Initially, I was tasked with creating a function that could either append the first color in an array to the end or reverse the order of colors. This is the function I created:
// Obtain the colors from scope
var colours = scope.colours;
// Create the swap function
scope.swap = function (opposite) {
// If we want to reverse the order
if (opposite) {
// Reverse the array
colours.unshift(colours.pop());
// Else
} else {
// Shift the array
colours.push(colours.shift());
}
};
Everything was working fine until my client presented me with a more complex challenge and I am wondering if there is an easy way to achieve this.

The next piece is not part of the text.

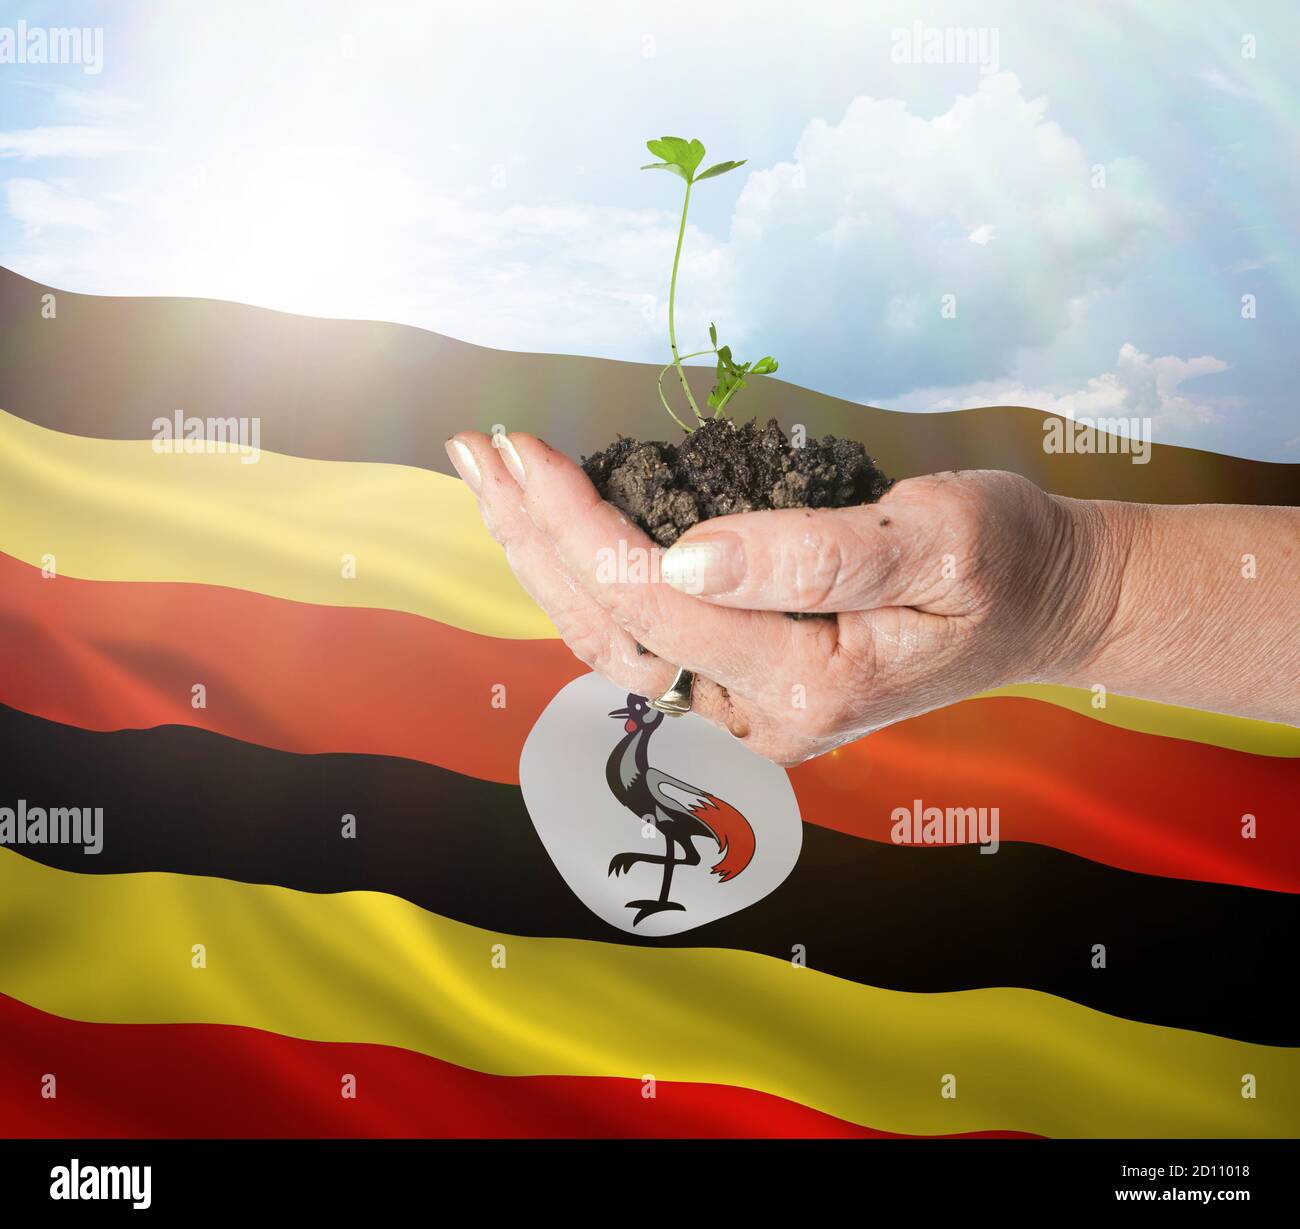 Uganda growth and new beginning. Green renewable energy and ecology concept. Hand holding young plant. Stock Photo

The client provided a table resembling this:
| C1 | C2 | C3 |
| C2 | C1 | C3 |
| C1 | C3 | C2 |
| C2 | C3 | C1 |
The requirement is:
- C3 can only be in positions 2 and 3
- C2 and C1 can occupy any position
Before diving into it, does anyone have suggestions for simplifying this?
Potential Solution
Despite considering other alternatives, I decided to attempt solving it myself. Here's what I came up with:
// Get the colors from scope
var colours = scope.colours;
// Define variables
counter = 2;
// Create the swap function
scope.swap = function (opposite) {
switch (counter) {
case 3:
// Retrieve colors
var colour2 = colours.shift();
var colour3 = colours.shift();
// Rearrange them
colours.splice(1, 0, colour2);
colours.splice(2, 0, colour3);
break;
case 1:
// Retrieve colors
var colour2 = colours.shift();
var colour1 = colours.shift();
// Rearrange them
colours.splice(0, 0, colour1);
colours.splice(2, 0, colour2);
break;
case 0:
// Retrieve colors
var colour1 = colours.shift();
var colour3 = colours.shift();
// Rearrange them
colours.splice(1, 0, colour3);
colours.splice(2, 0, colour1);
break;
default:
// Remove and store the first color value
var colour1 = colours.shift();
// Add the color to the second position in the array
colours.splice(1, 0, colour1);
break;
}
counter--;
if (counter < 0) {
counter = 3;
}
};
This approach functions well, but how can I extend it to work in the opposite direction? For instance, increasing the counter rather than decreasing it (and resetting to 0 when exceeding 3).